• _Data for the task_
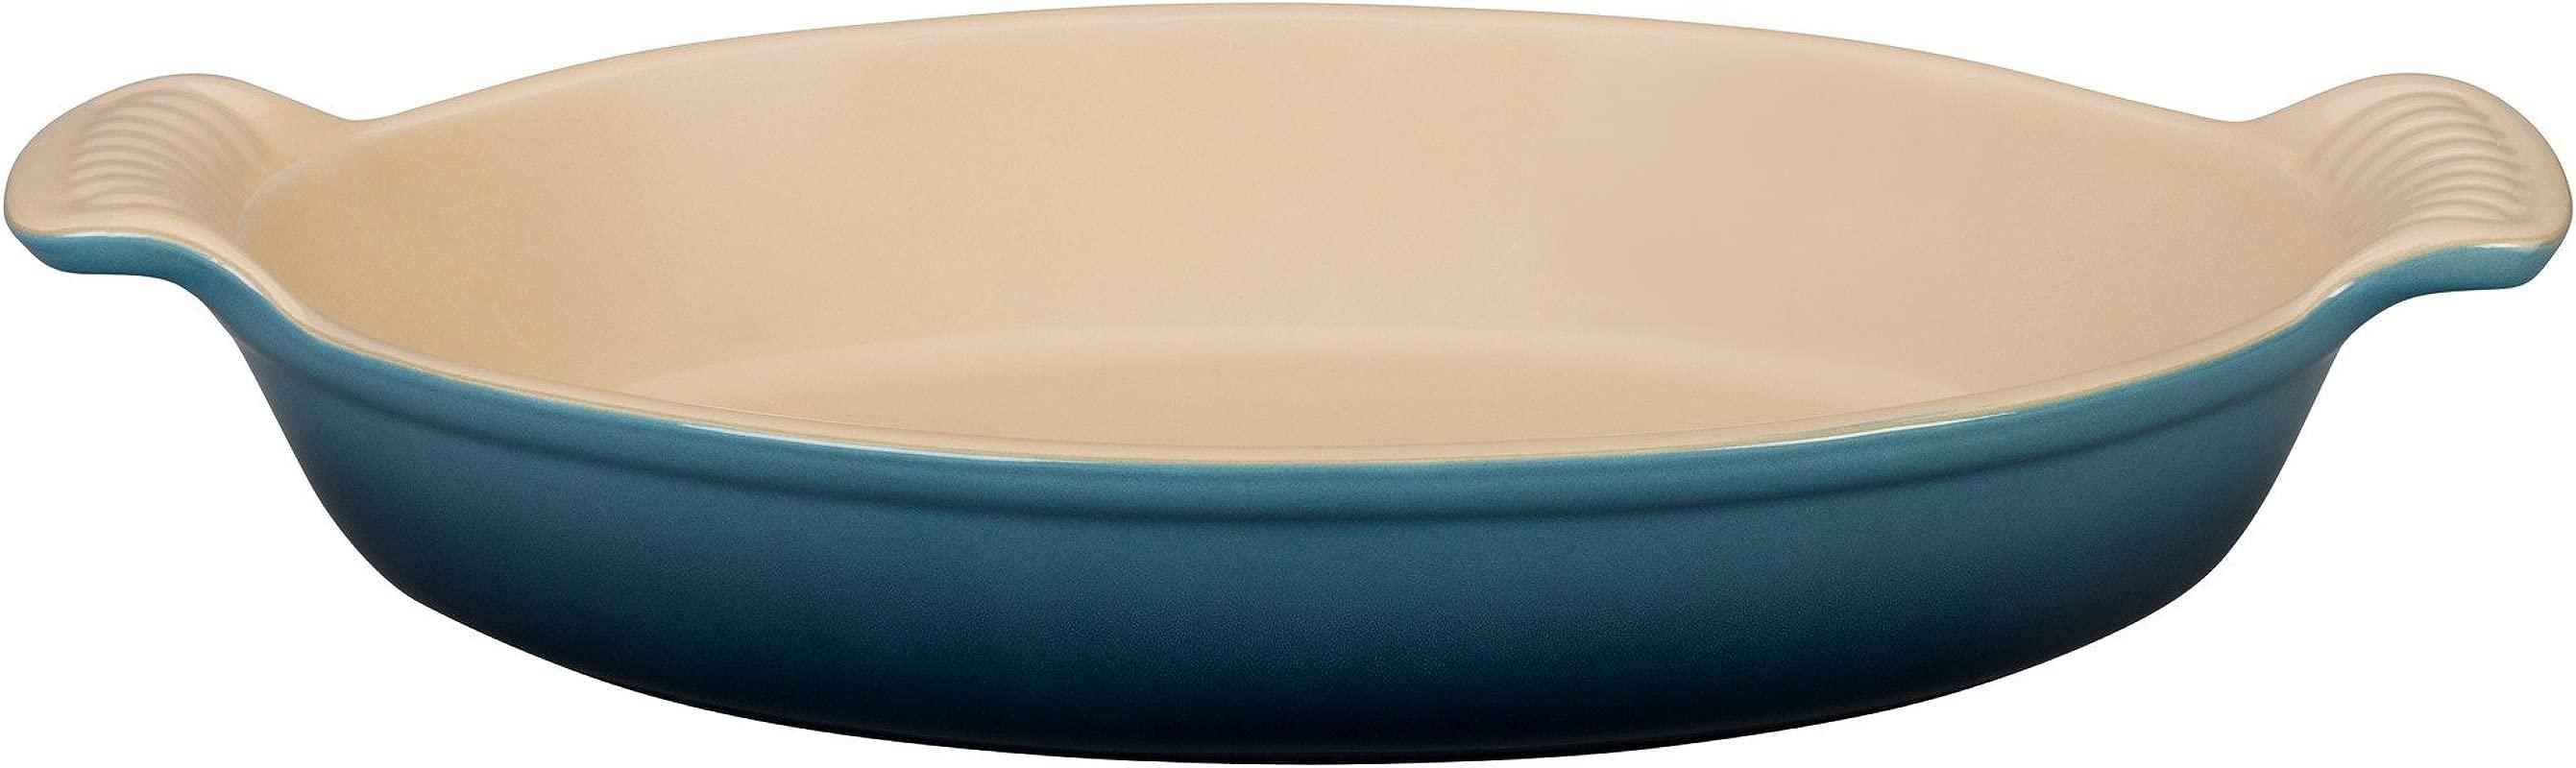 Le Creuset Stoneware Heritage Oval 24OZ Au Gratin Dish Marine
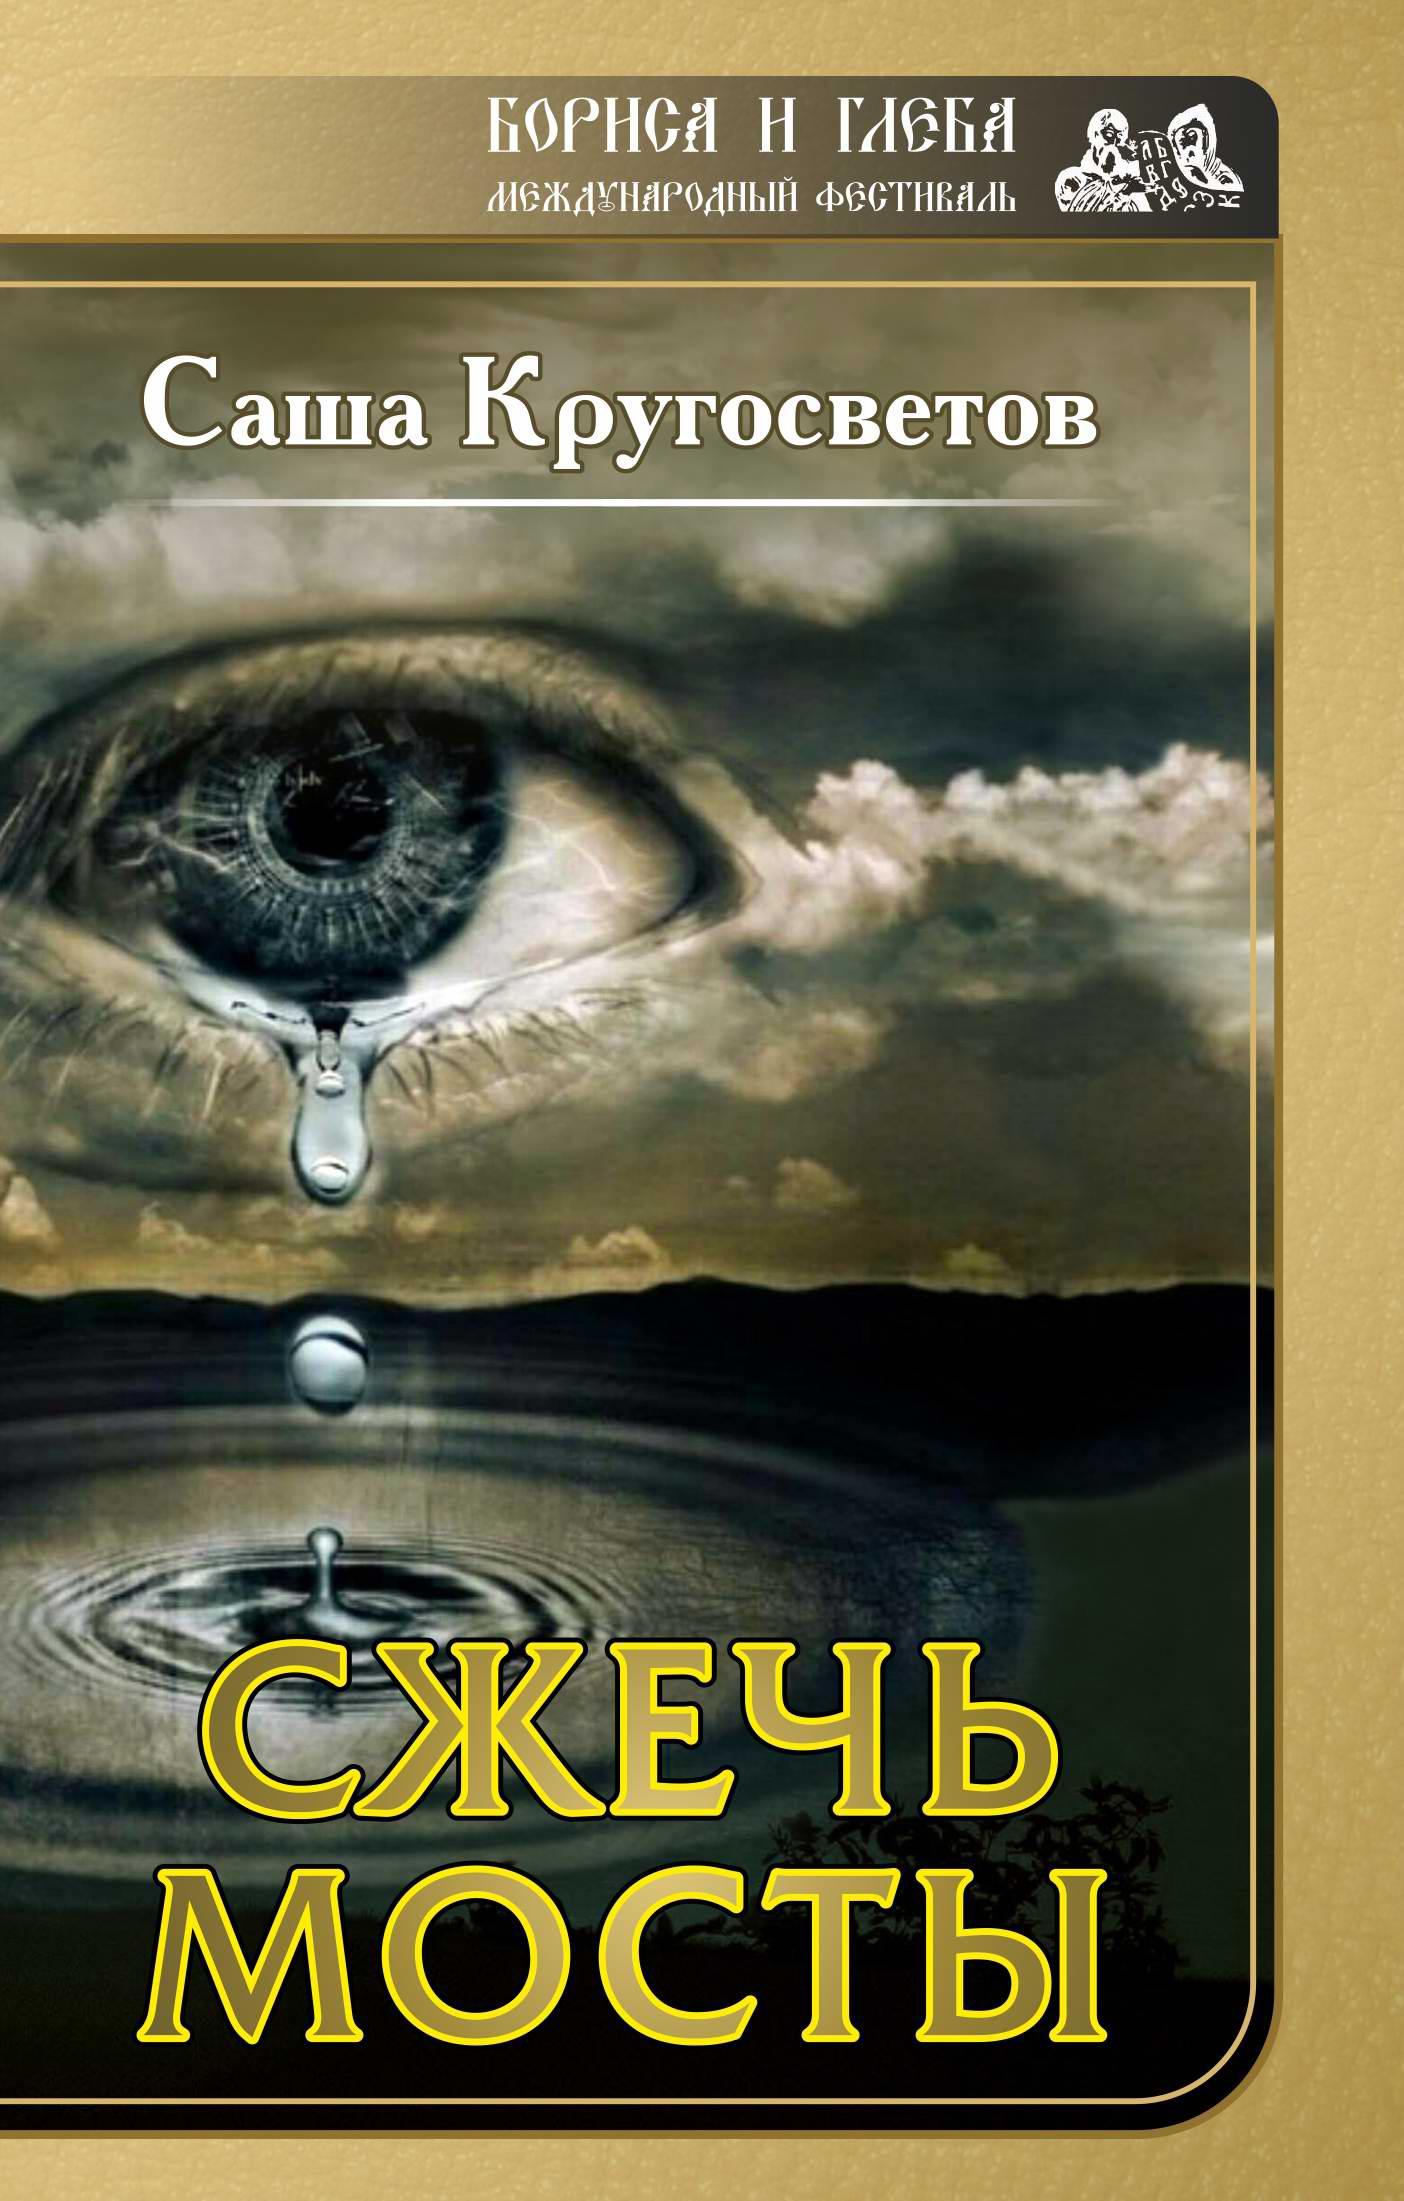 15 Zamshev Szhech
---
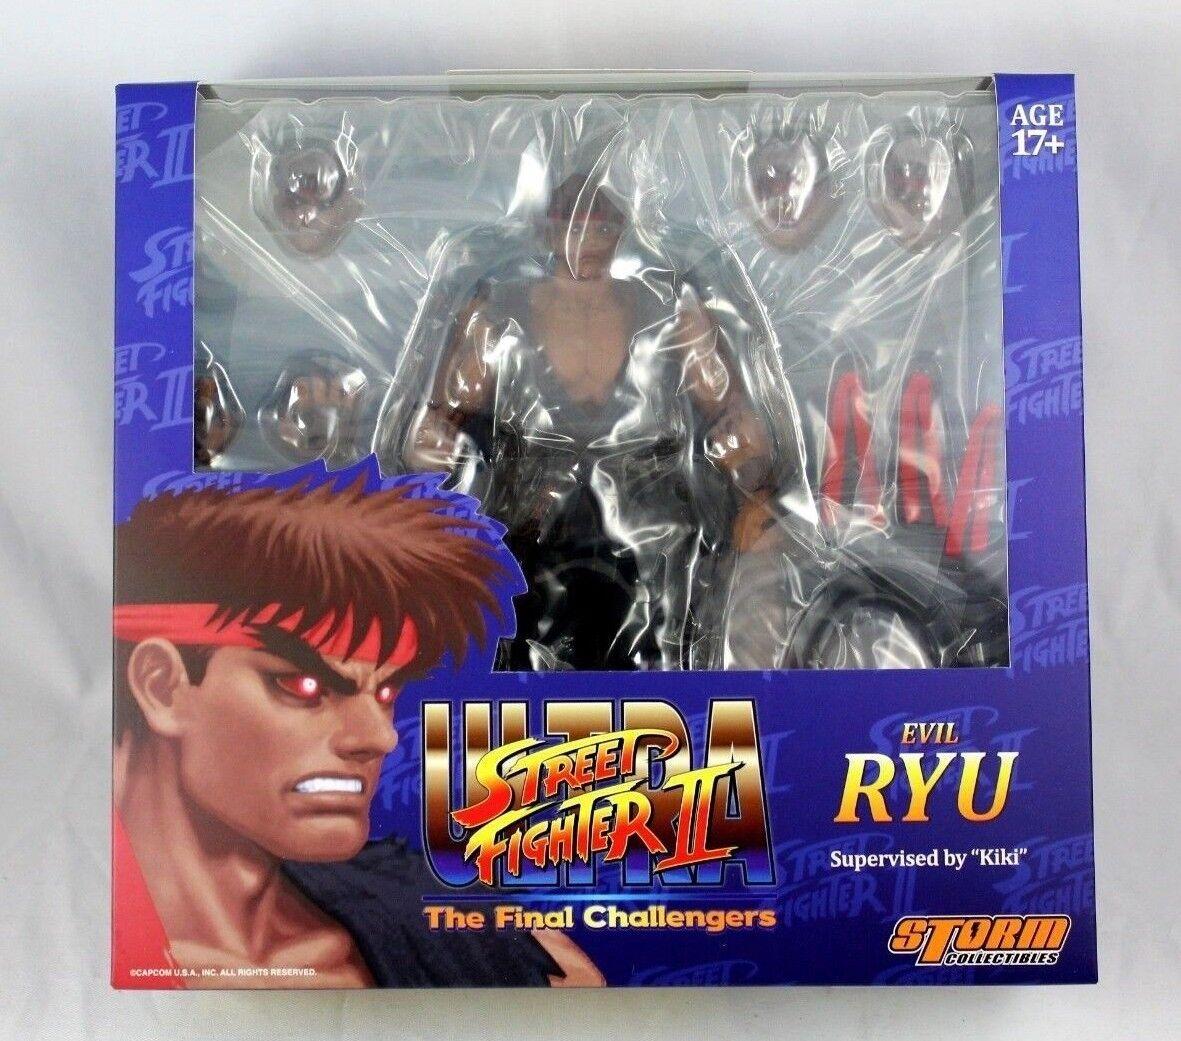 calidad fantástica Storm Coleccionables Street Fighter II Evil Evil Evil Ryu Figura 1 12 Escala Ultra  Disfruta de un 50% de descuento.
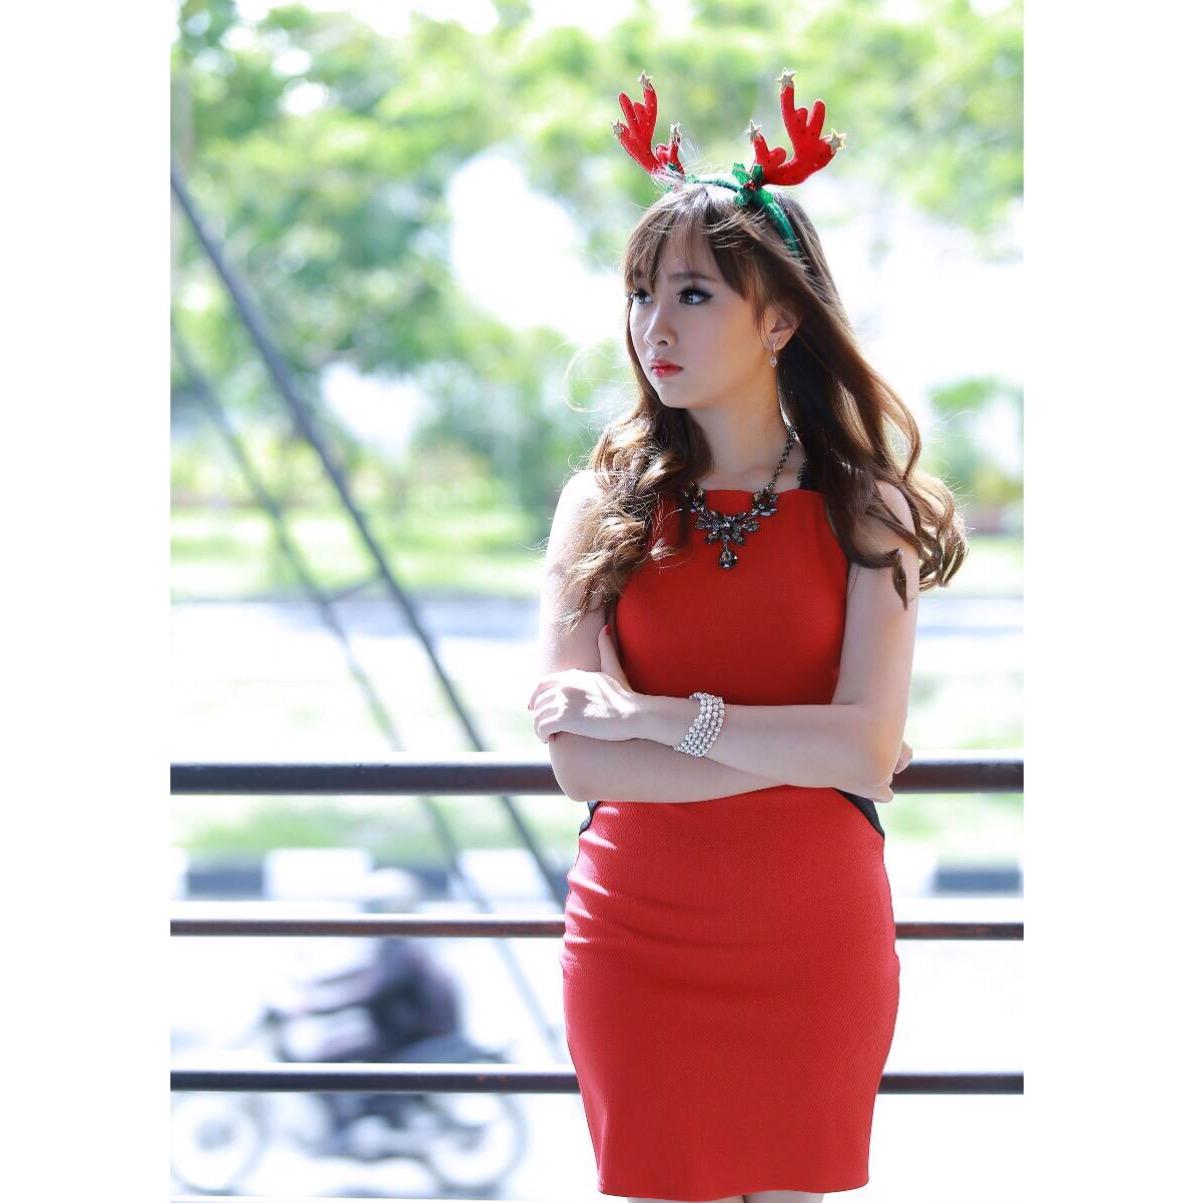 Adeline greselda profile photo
...
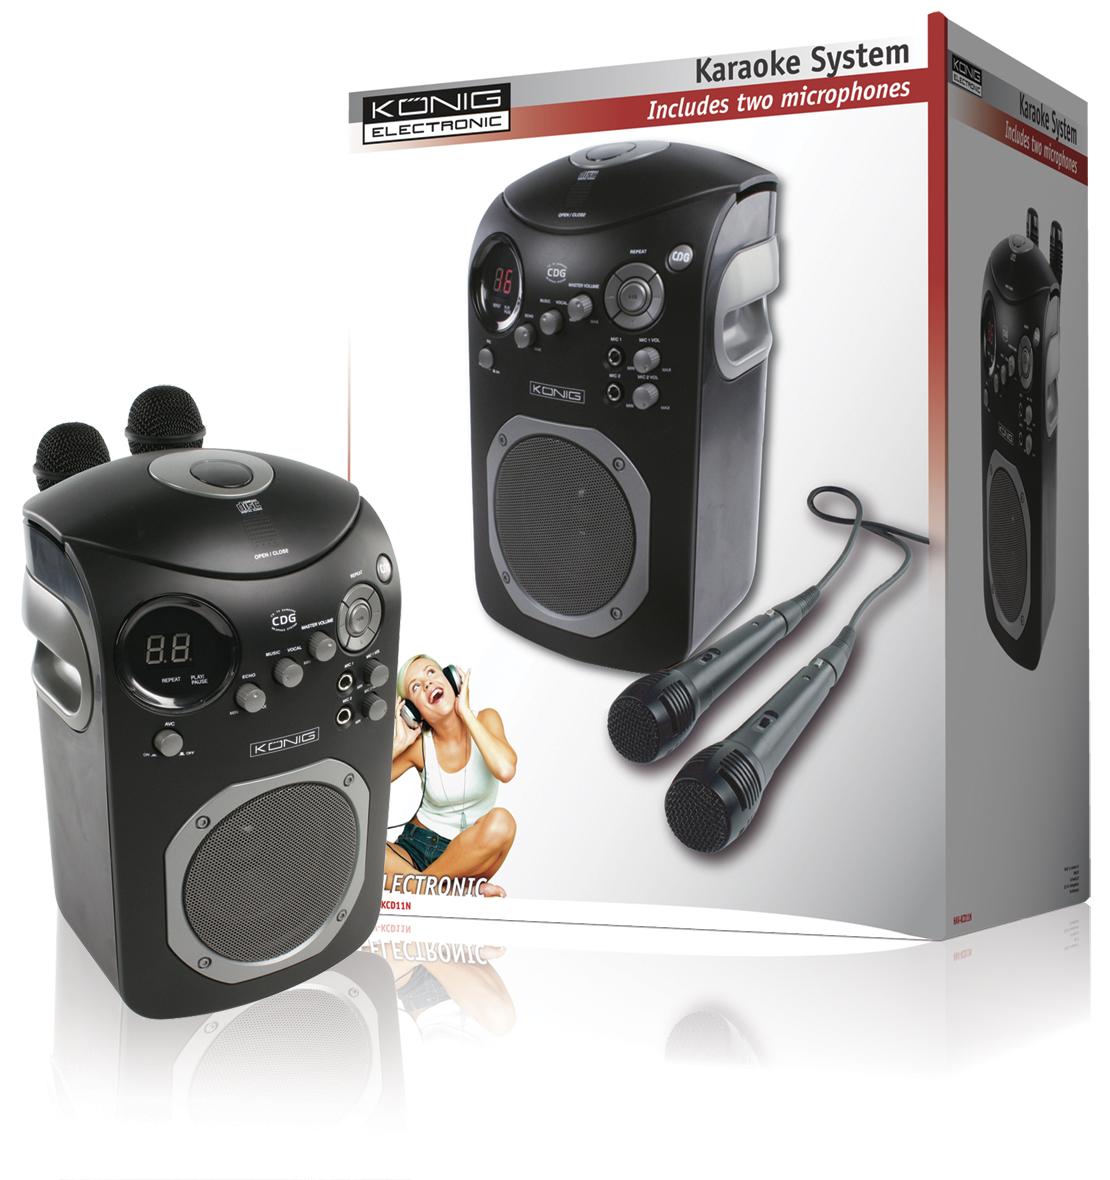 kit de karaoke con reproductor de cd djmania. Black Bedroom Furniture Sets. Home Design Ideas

• _Goal of the exercise_
Repeat exactly the stretch of the listing above that starts with the line holding "calidad fantástica Storm" and finishes with the line holding "Adeline greselda profile photo", both included. Skip every picture.

• _Answer to the problem_
 calidad fantástica Storm Coleccionables Street Fighter II Evil Evil Evil Ryu Figura 1 12 Escala Ultra  Disfruta de un 50% de descuento.
 Adeline greselda profile photo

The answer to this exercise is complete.